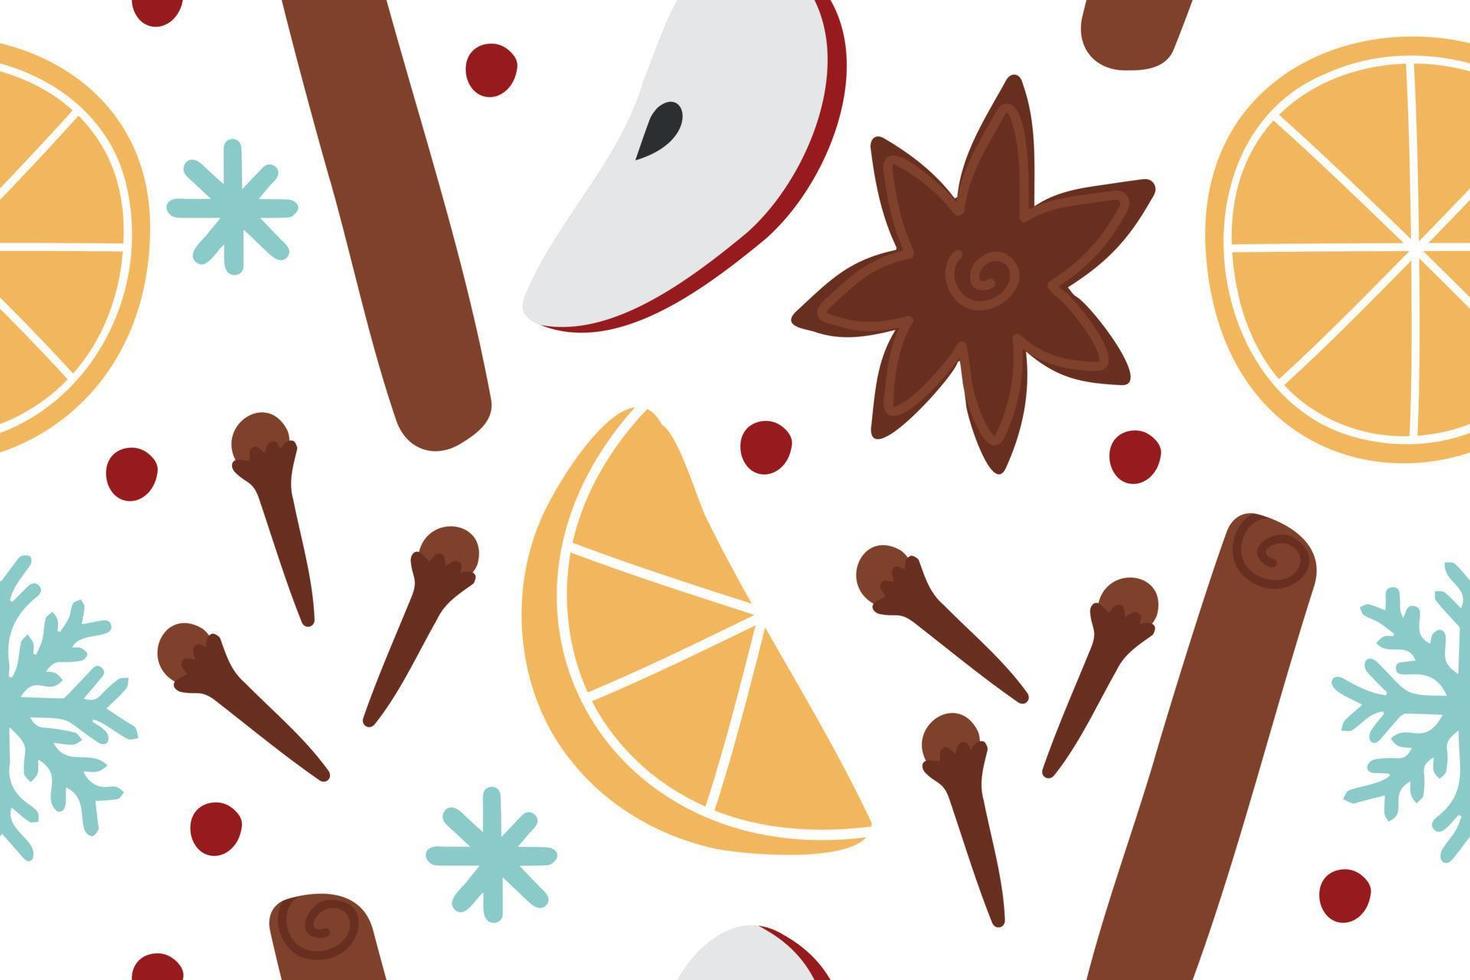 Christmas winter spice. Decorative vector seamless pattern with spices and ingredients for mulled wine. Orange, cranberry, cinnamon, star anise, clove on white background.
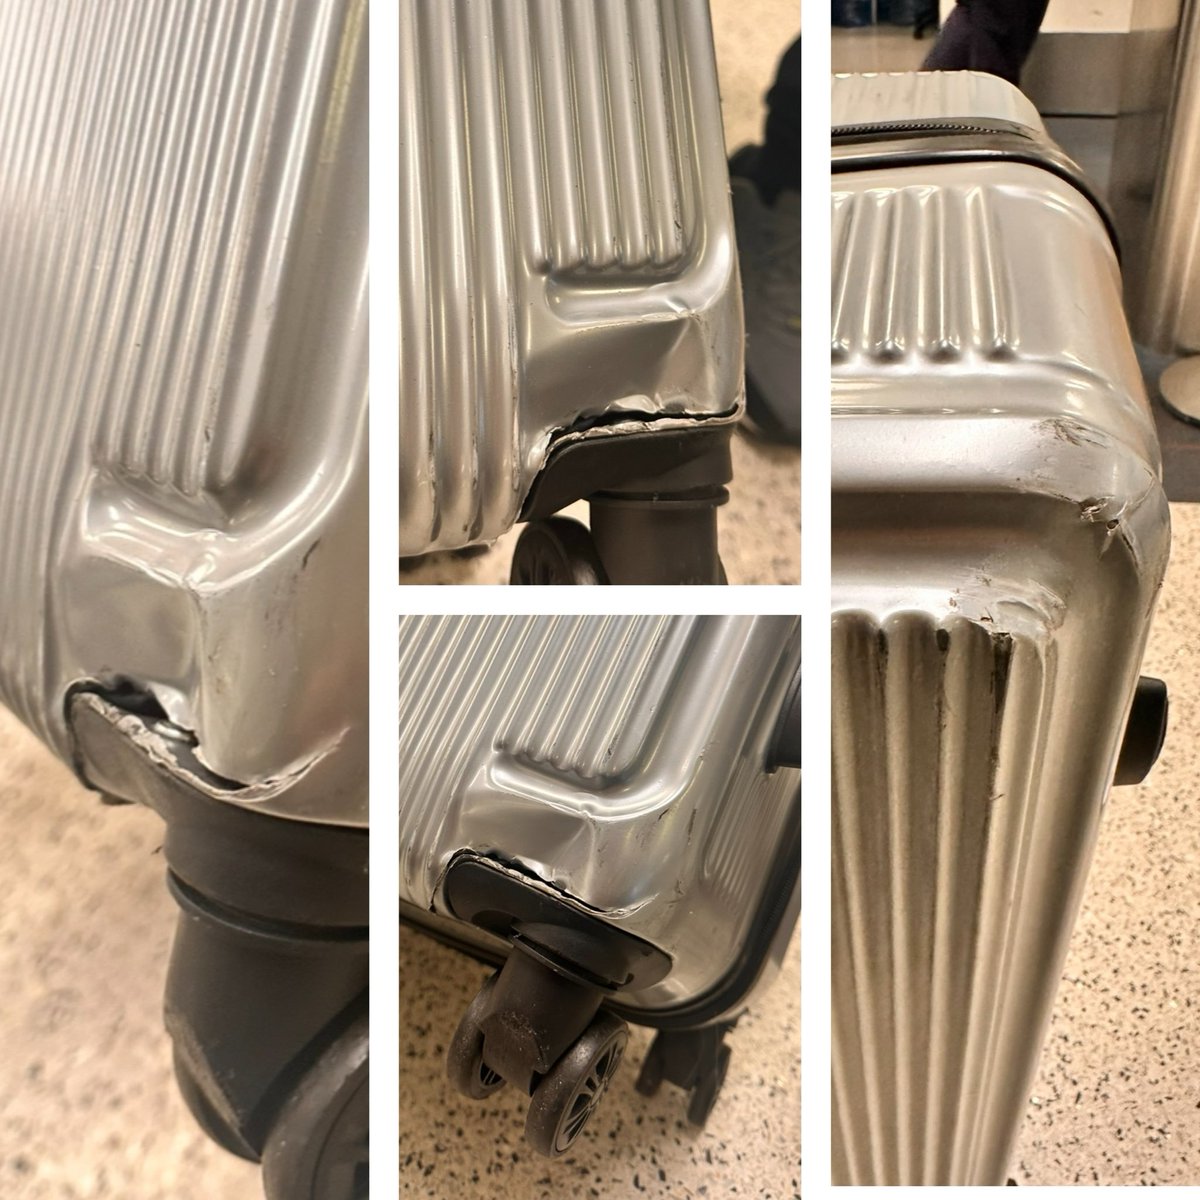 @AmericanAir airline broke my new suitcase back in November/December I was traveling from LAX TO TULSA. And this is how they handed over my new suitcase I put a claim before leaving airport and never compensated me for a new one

★ ★ ★ ★

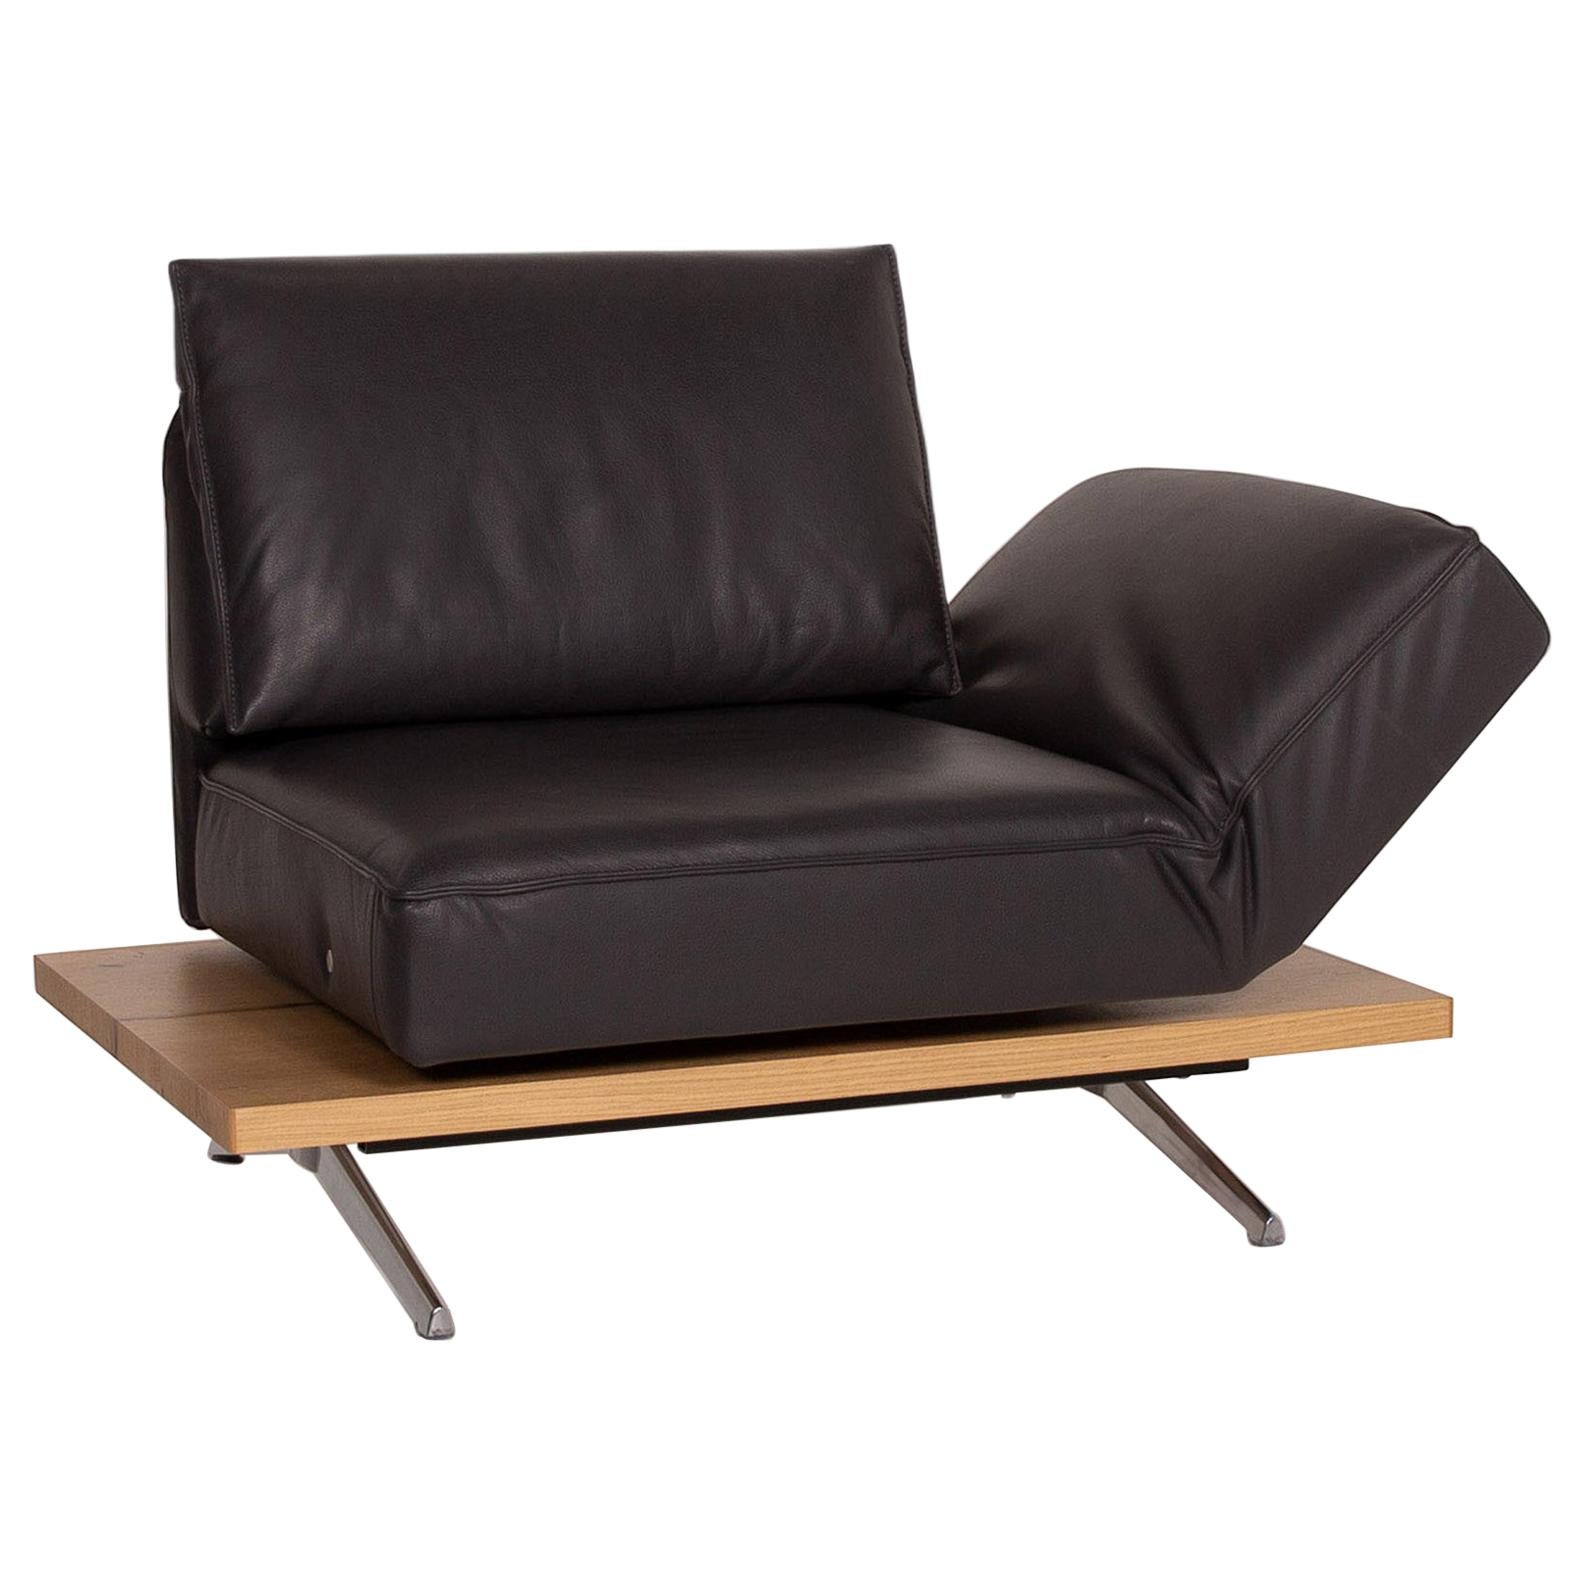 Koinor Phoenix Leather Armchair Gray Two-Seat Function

★ ★ ★ ★

Your objective: Above are records; repeat only the lines from the line with "Christmas winter spice." through the line with "for a new one", and leave pictures out.

Result of the task:
 Christmas winter spice. Decorative vector seamless pattern with spices and ingredients for mulled wine. Orange, cranberry, cinnamon, star anise, clove on white background.
 @AmericanAir airline broke my new suitcase back in November/December I was traveling from LAX TO TULSA. And this is how they handed over my new suitcase I put a claim before leaving airport and never compensated me for a new one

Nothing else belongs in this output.